Records excerpted from a collection
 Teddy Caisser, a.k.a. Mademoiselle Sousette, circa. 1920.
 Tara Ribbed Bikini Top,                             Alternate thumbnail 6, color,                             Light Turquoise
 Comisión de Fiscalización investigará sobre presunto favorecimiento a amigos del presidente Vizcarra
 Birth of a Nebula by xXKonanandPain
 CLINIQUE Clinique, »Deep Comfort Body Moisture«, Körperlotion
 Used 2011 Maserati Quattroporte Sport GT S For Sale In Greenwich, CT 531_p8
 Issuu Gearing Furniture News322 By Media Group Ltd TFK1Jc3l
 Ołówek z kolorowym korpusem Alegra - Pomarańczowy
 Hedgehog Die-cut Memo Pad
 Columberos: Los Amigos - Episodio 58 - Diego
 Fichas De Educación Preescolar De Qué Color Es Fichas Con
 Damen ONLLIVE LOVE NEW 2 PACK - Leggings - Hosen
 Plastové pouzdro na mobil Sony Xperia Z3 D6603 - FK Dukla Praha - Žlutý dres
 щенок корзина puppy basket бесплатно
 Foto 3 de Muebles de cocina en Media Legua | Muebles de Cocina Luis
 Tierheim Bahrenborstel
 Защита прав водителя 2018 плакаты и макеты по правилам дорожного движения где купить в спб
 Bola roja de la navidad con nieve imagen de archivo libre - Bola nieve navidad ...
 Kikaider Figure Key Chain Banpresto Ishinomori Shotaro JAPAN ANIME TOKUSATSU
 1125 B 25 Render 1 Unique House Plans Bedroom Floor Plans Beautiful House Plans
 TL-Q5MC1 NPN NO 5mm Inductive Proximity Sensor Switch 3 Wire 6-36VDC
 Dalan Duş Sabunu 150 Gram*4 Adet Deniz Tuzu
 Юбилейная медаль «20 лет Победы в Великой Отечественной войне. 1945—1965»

PROMPT
Where does the string "Media" appear in the records above? Show every line that holds it.

RESULT OF THE EXERCISE
 Issuu Gearing Furniture News322 By Media Group Ltd TFK1Jc3l
 Foto 3 de Muebles de cocina en Media Legua | Muebles de Cocina Luis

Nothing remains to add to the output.